Abstract:
Cosmogenic nuclides are an important tool in quantifying many Earth-surface processes. Beryllium-10 (¹⁰Be) is commonly extracted out of the mineral quartz; however many landscapes lack quartz bearing rocks. In order to establish a new chronometer based on ¹⁰Be in pyroxene for use in New Zealand and Antarctica, it is necessary to verify cleaning protocols and determine a local production rate. In this study, I have tested and modified an existing pyroxene decontamination procedure in order to further develop the use of ¹⁰Be in pyroxene as a chronometer. This method successfully removes the meteoric component of ¹⁰Be in pyroxene, allowing only the concentration of in situ produced ¹⁰Be to be measured. Additionally, production rates for ¹⁰Be in pyroxene have been determined empirically for New Zealand using cross-calibration with measured ³He concentrations and an independent radiocarbon age of the Murimotu debris avalanche in the central North Island, New Zealand of 10.6 ± 1.1 ka. Theoretical ¹⁰Be pyroxene production rates were also determined, based on the composition of the Murimotu pyroxene. The best estimate for the 10Be pyroxene production rate is 3.4 ± 0.8 atoms g⁻¹ yr⁻¹ at sea-level high latitude, which was determined via cross-calibration with the radiocarbon age for the deposit.

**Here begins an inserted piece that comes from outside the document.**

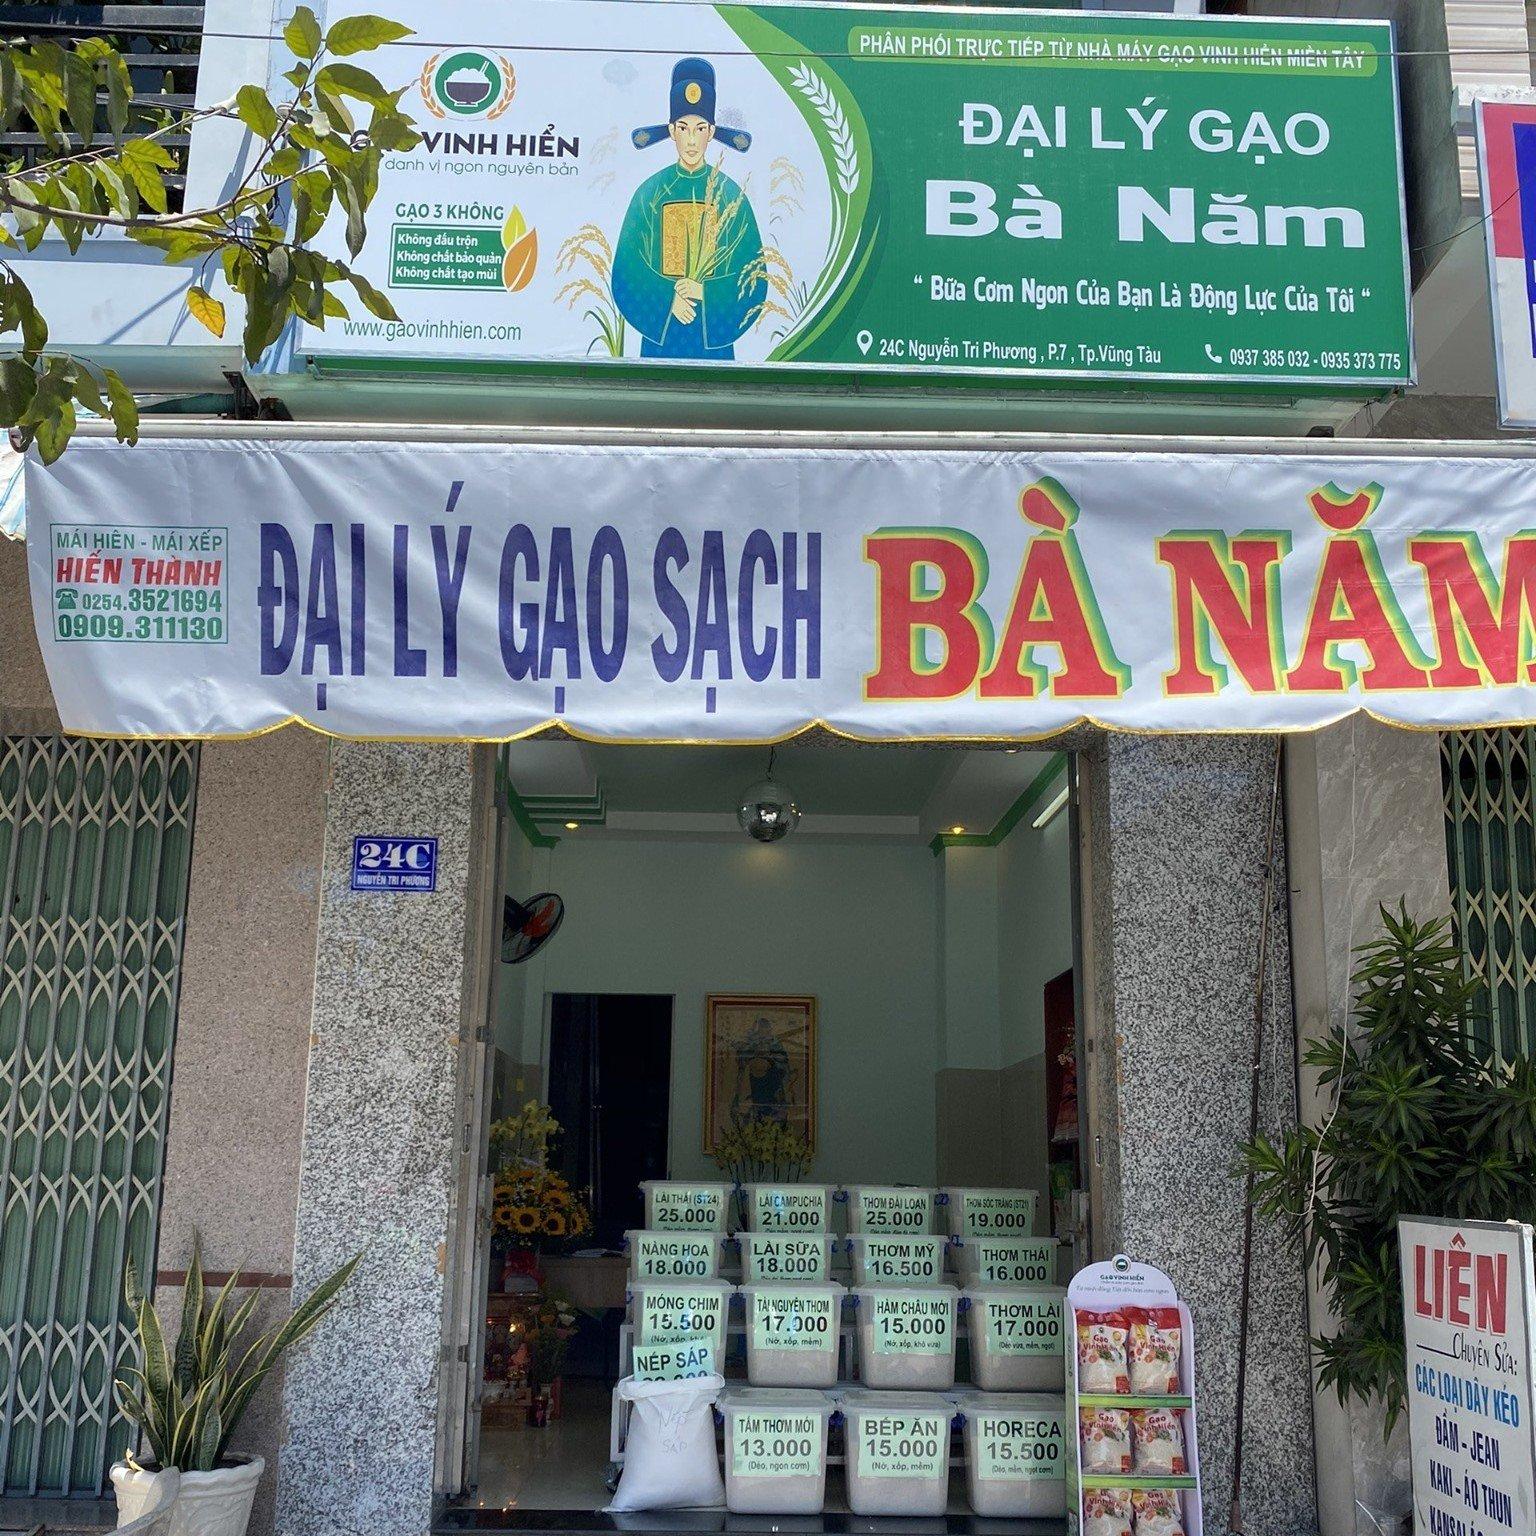 Đại lý gạo BÀ NĂM tại thành phố biển Vũng Tàu

This work shows that production rates for ¹⁰Be in pyroxene are both empirically and theoretically 8-27% lower than in quartz. The ³He/¹⁰Be ratio in the Murimotu pyroxene is 34.5 ± 9.9; this is indistinguishable from global ³He-pyroxene/¹⁰Be-quartz production ratios.

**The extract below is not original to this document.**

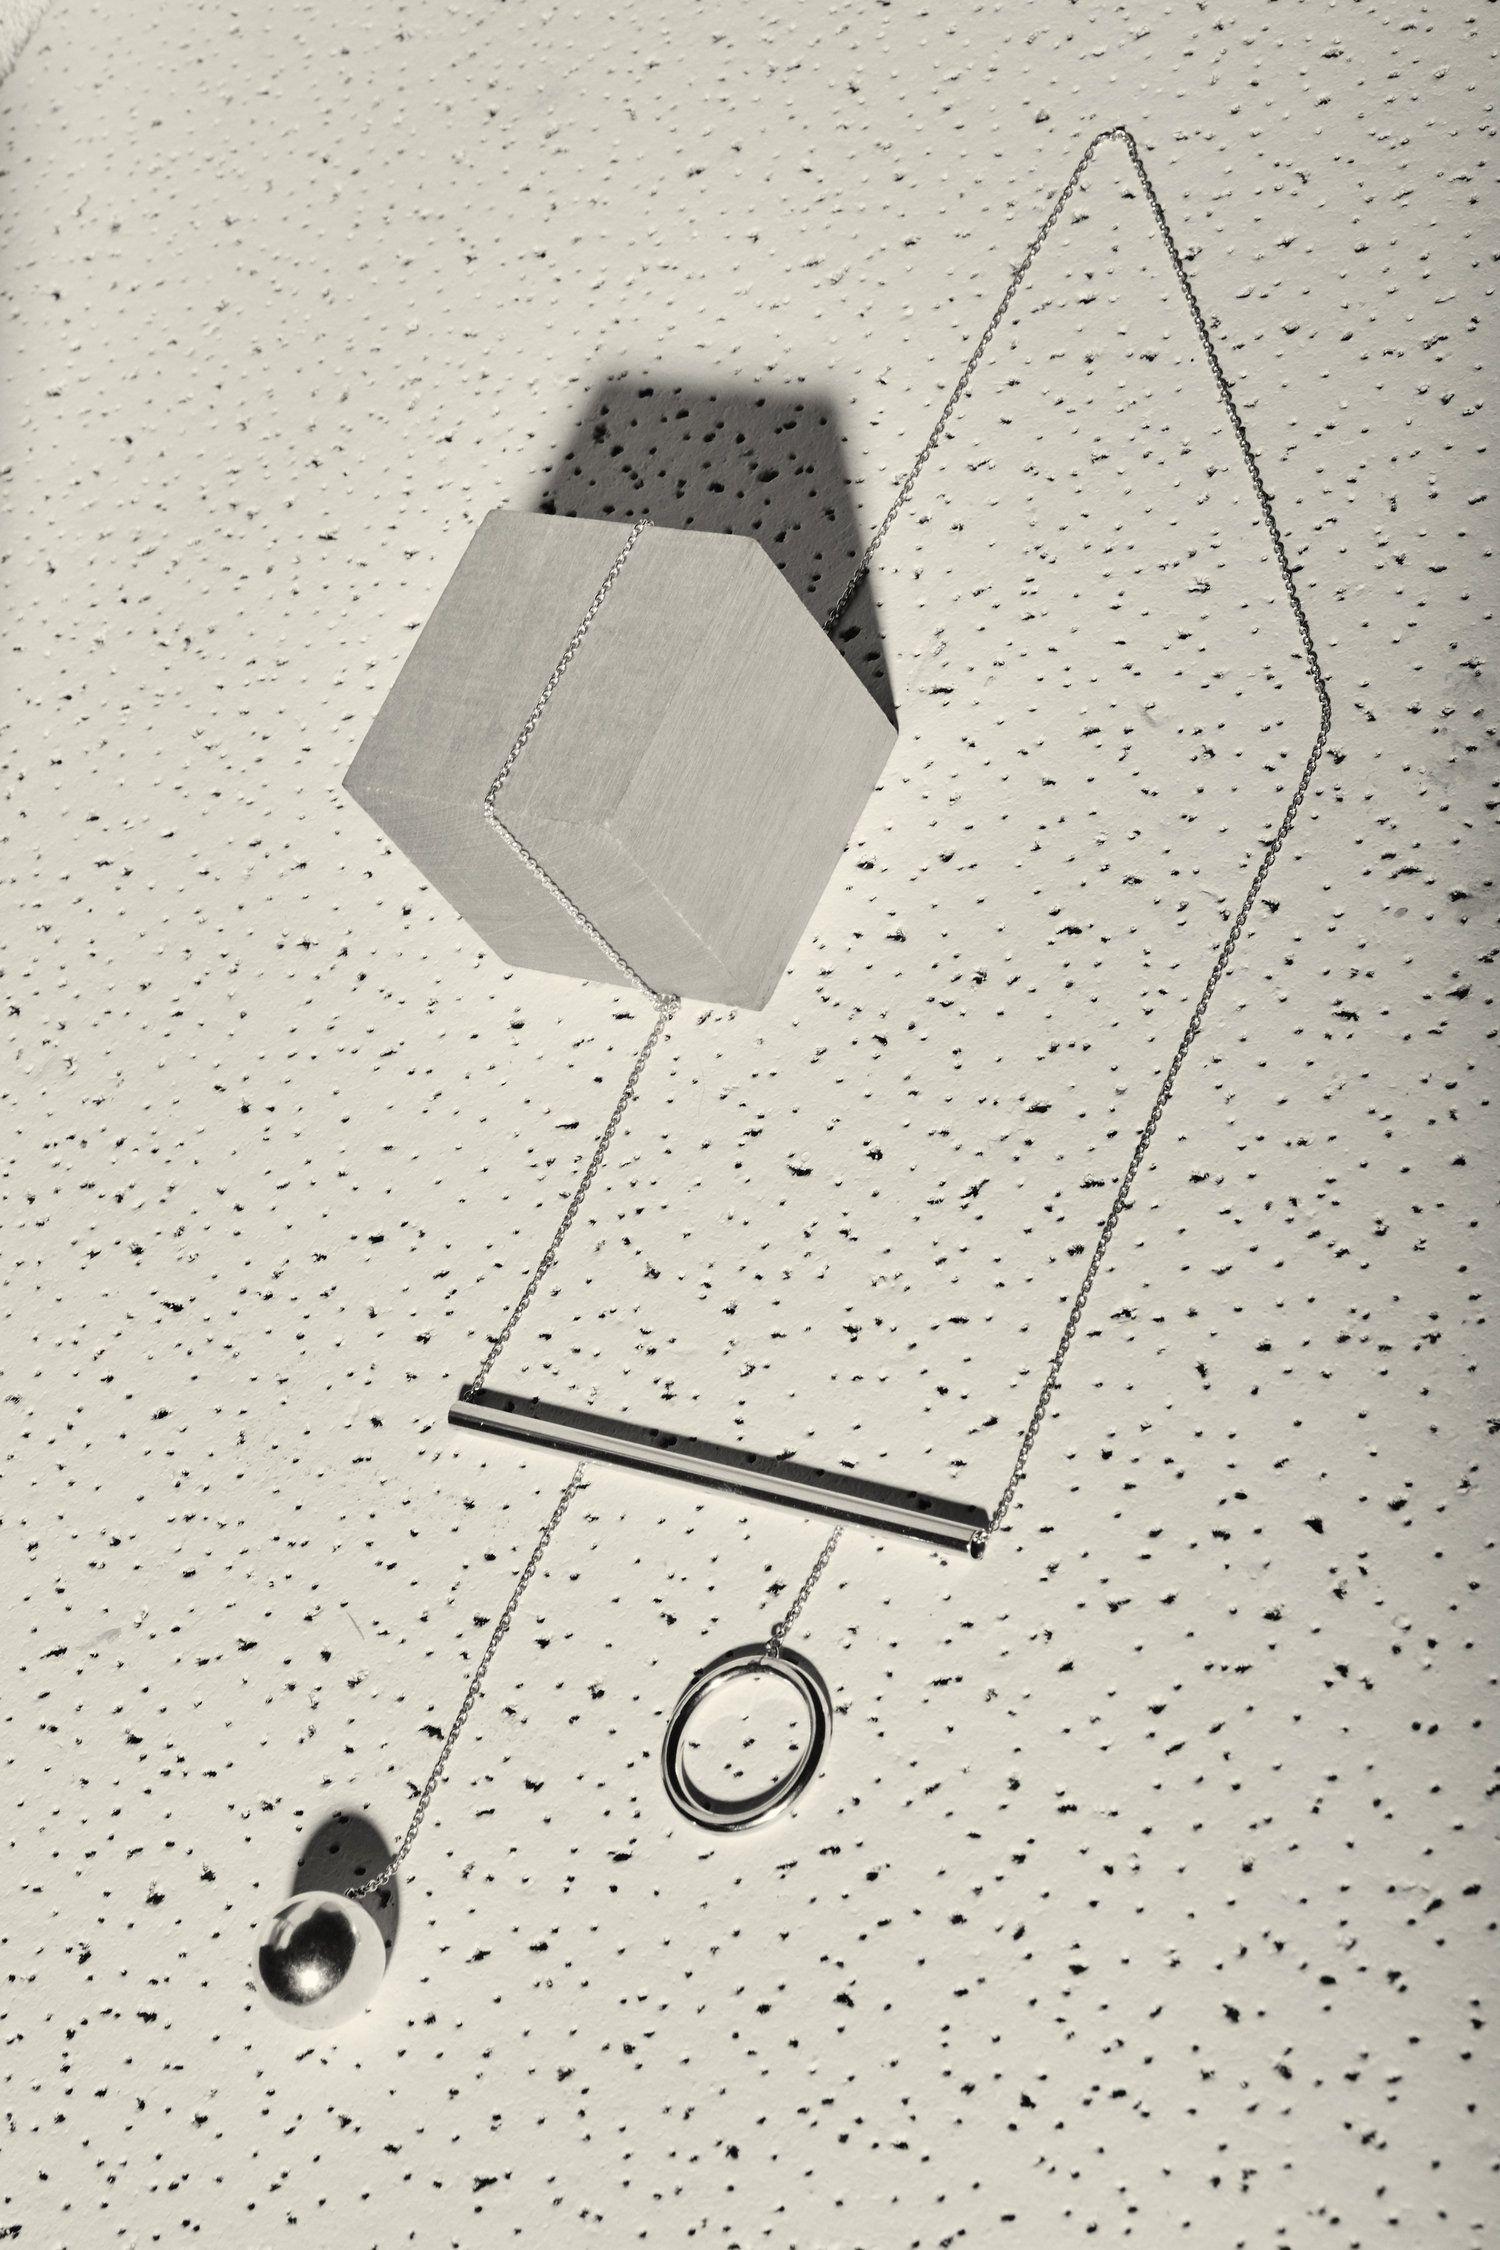 VIGNETTE- BarNecklaces | Vignettes, Constructivism ...

In a case study surface exposure ages were determined for bedrock samples and cobble erratics collected in a vertical transect on Mount Gran, Antarctica, by applying the aforementioned ¹⁰Be pyroxene decontamination procedure and radiocarbon derived production rates. A chronology for ice surface lowering was obtained for the adjacent Mackay Glacier, indicating the ice surface lowered approximately 60 m during a relatively rapid episode of thinning which occurred between ~13.5 ka and 11 ka.

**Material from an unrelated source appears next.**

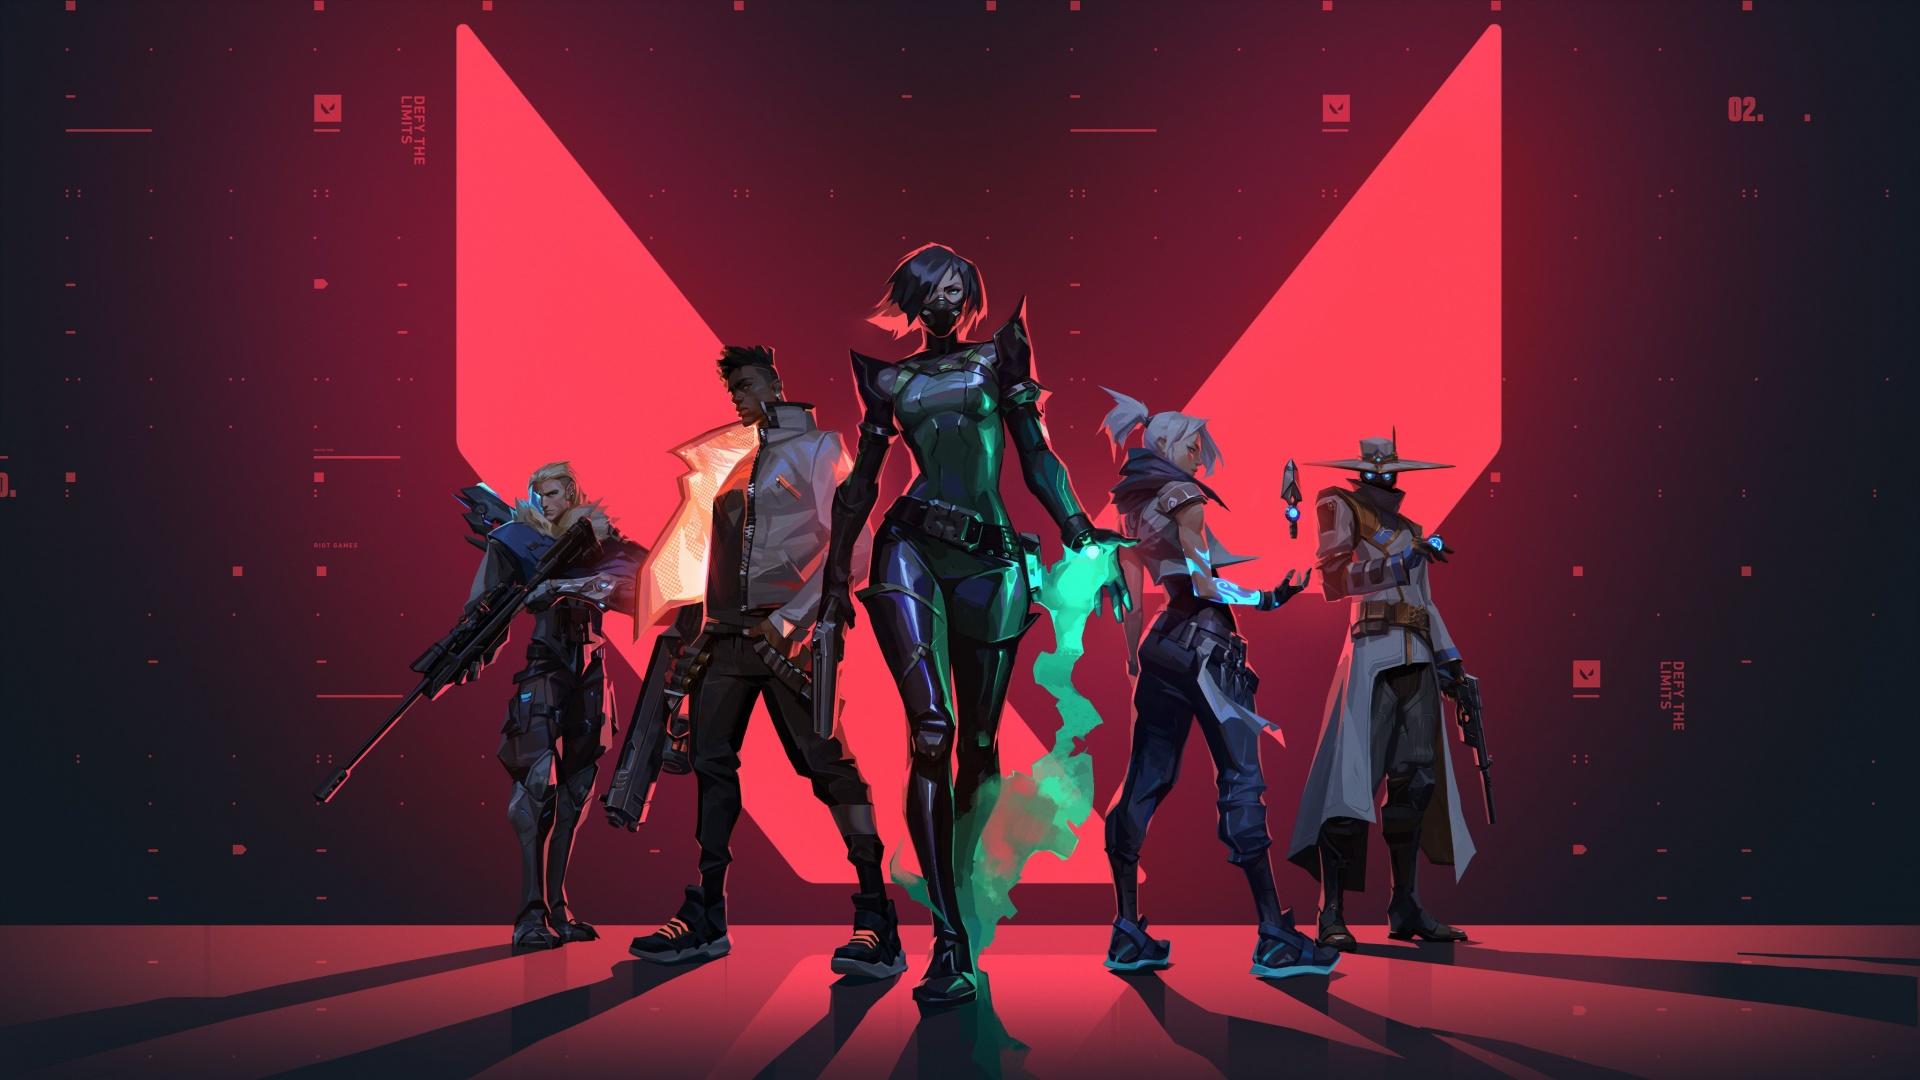 Публичное тестирование шутера Valorant от Riot Games начнётся7 апреля

This thesis presents a successful test of decontamination procedures, new production rates, and an example application, showing the promise of ¹⁰Be in pyroxene as a chronometer. The development of ¹⁰Be in pyroxene allows environments without quartz-bearing rocks to be dated using this widely used nuclide. The pairing of ¹⁰Be with ³He in pyroxene would allow complex exposure histories to be determined, expanding the application.